= The Dishes (band) =

The Dishes were a new wave band from the first era of punk rock in the late 1970s in Toronto, Canada.

==History==
The Dishes were formed in 1975 with a lineup of Tony Malone (keyboards), Scott Davey (guitar), Murray Ball (vocals), Steven Davey (drums), Ken Farr (bass) and Michael LaCroix (saxophone); later joined by Glenn Schellenberg (keyboards) who replaced Tony in early 1977. Their sound was heavily influenced by art-rock bands and artists such as Roxy Music, David Bowie and Sparks, with a fondness for Bonzo-style comedy and the use of props during their live shows. Although they formed in Thornhill, Ontario while the members were attending Thornlea Secondary School, the band became known primary as a Toronto band.

They were one of the earliest bands of the new wave era in Toronto along with Rough Trade and both bands were notable in having openly gay members. Both bands played gigs at the Ontario College of Art (OCA) and The Dishes went on to play regular gigs at the Beverly Tavern. The Dishes presaged the Toronto punk scene by 2 years. They broke up just as the new scene was about to explode. Among their friends and admirers were future members of The Viletones, the B-Girls, and Martha and the Muffins; The Diodes played their 2nd gig opening for The Dishes at the OCA.

Their musical style had little in common with the loud and fast three chord punk of much of the era having more in common with art-punk bands of the era such as Talking Heads and early (John Foxx era) Ultravox, and the band would continue to do art gallery gigs including shows with the art collective General Idea and at fashion shows.

The band recorded an EP Fashion Plates in 1977, becoming the first Toronto band to record and release a self-created 45. In 1978 they released a second 45 "Hot Property". In 1977, The Dishes also filmed a televised concert for TV Ontario becoming the second Canadian New Wave band to appear on television after FM had previously done a TV Ontario show in 1976. Though thought of as an art-school band, none of the members had ever attended an art school. But their residency at The Beverley Tavern, a few blocks from OCA, meant a lot of art students would be checking them out. Their arty use of visual and graphic arts in aggressive street postering brought them a lot of attention. Later, collaborations with art collective General Idea (who designed their two record covers) and starting a fanzine as well as engaging in other photo-arts situations, established them as artists rather than just a band.

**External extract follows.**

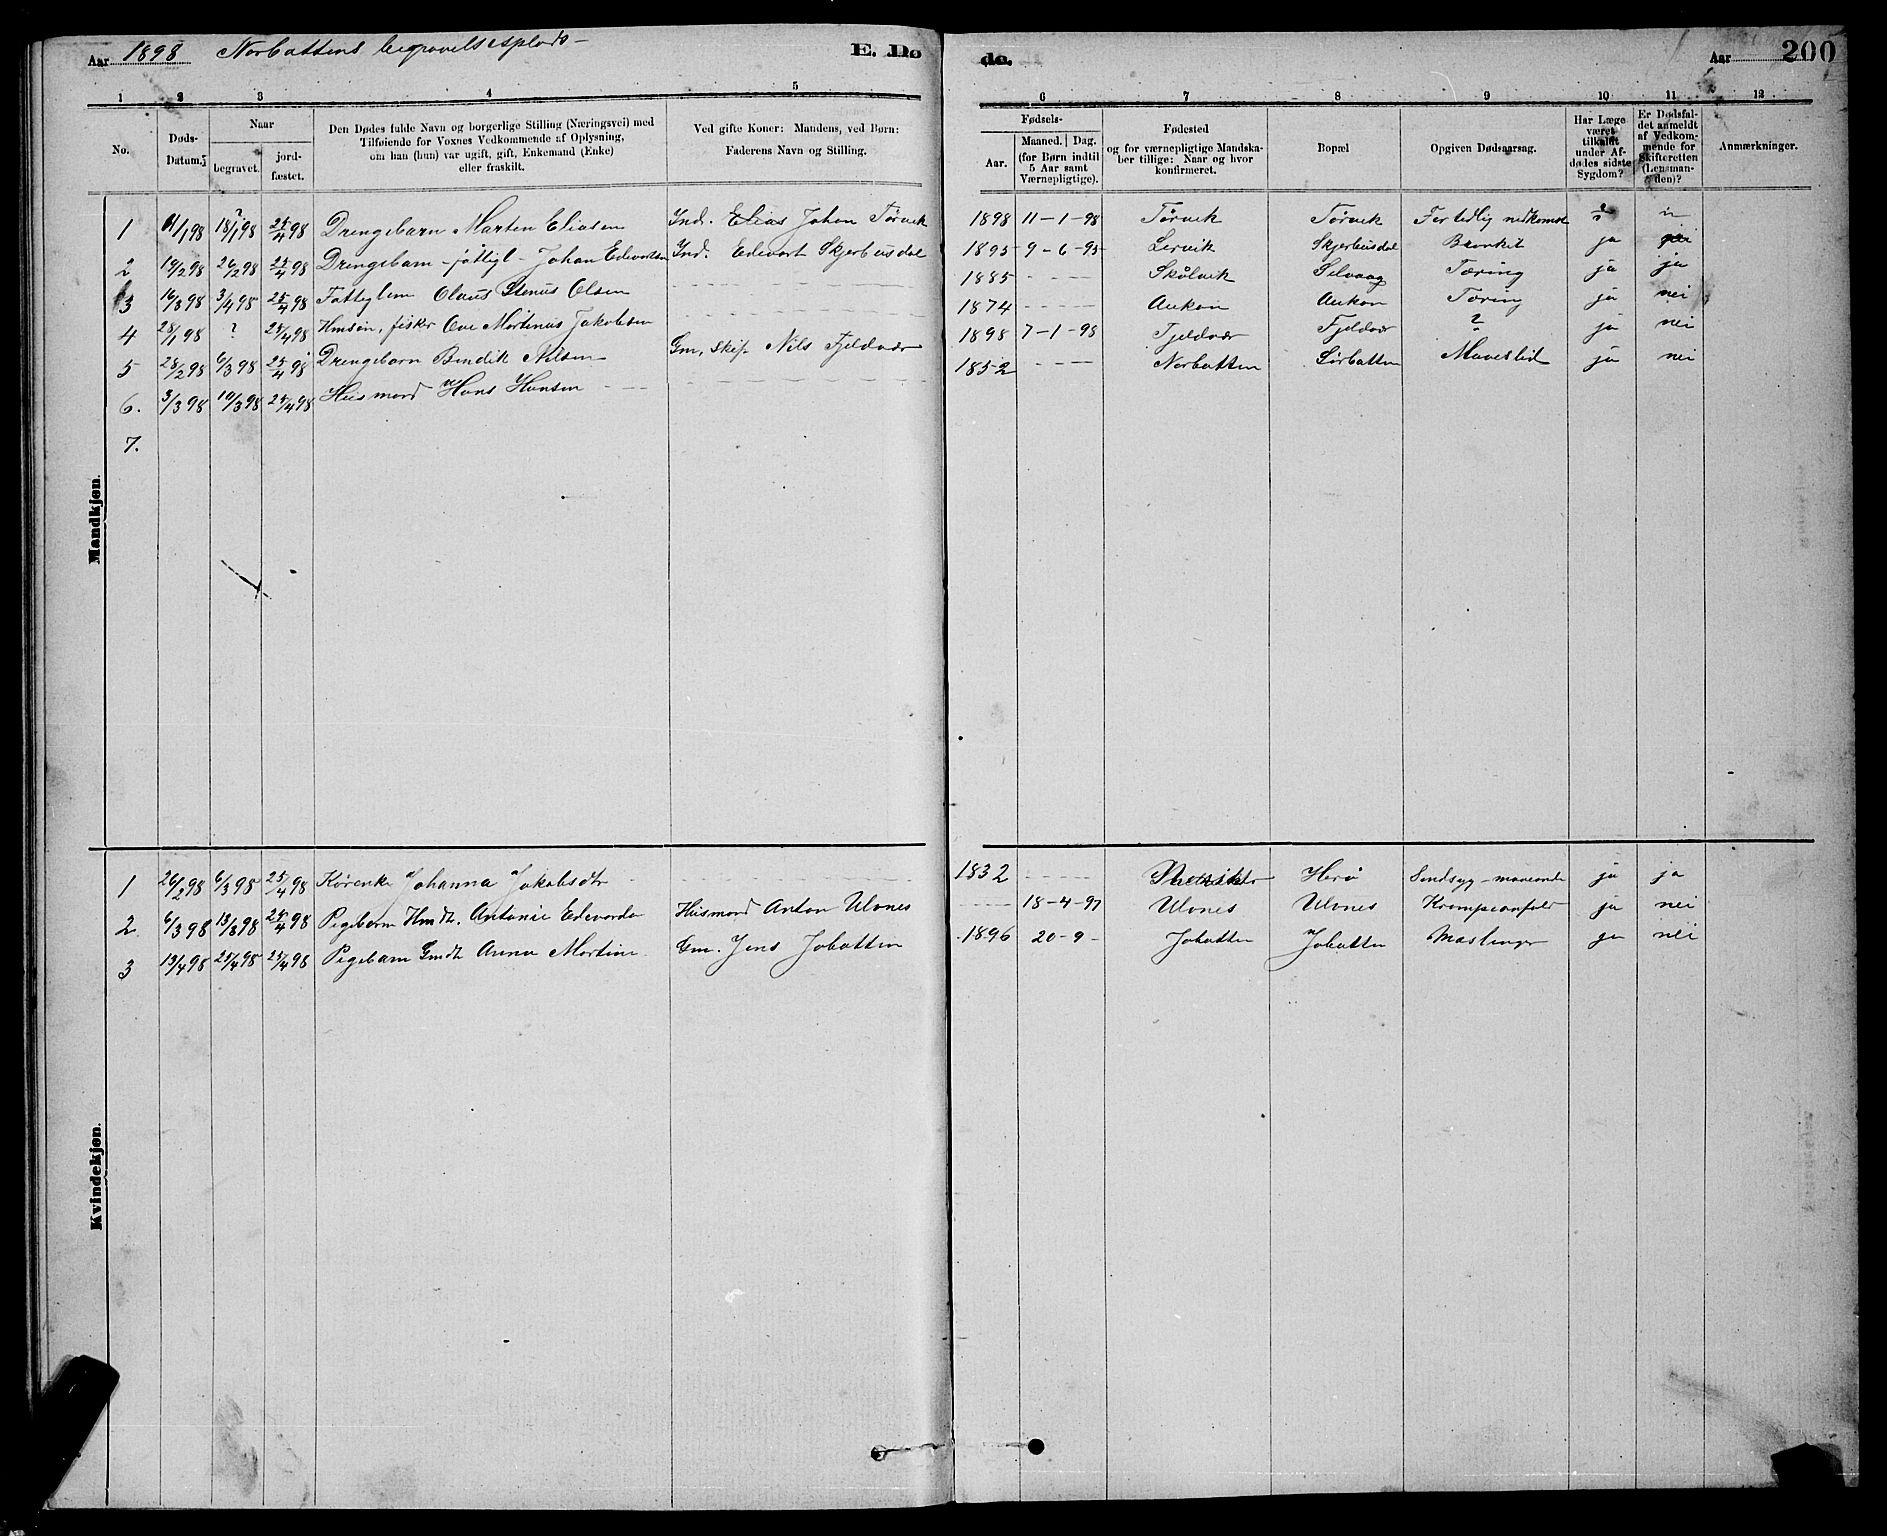 SAT, Ministerialprotokoller, klokkerbøker og fødselsregistre - Sør-Trøndelag, 637/L0562: Klokkerbok nr. 637C03, 1883-1898, s. 200

The band broke up in 1978 although they did reunite for a show at the Winnipeg Art Gallery in 1984. When Tony Malone left in 1977, he started Drastic Measures, a band that would achieve greater heights than The Dishes and even land a record deal with CBS and score a minor hit single.

After The Dishes disbanded, Steven Davey switched to vocals/guitar and started his own band, The Everglades. Both Drastic Measures and The Everglades contributed tracks to The Last Pogo LP although they do not appear in the film. Steven would later go on to become a journalist for the Toronto Star, MacLean's Magazine, Xtra and Now. He died suddenly and unexpectedly in 2014 of a heart attack. Tony kept playing solo, he died in 2023. Scott Davey joined a new band The Sharks with Sherry Kean and played with Rough Trade and then retired from music. Ken Farr joined Drastic Measures for a while, then went on to work for the Canadian government in its Silviculture dept. Murray Ball became a successful restaurant and club owner. Michael LaCroix became a professional sound recorder on big budget film sets.

Members of the band appear in the documentary The Last Pogo Jumps Again. A CD recording of their TV Ontario show plus a couple of other unreleased tracks was released in 2002.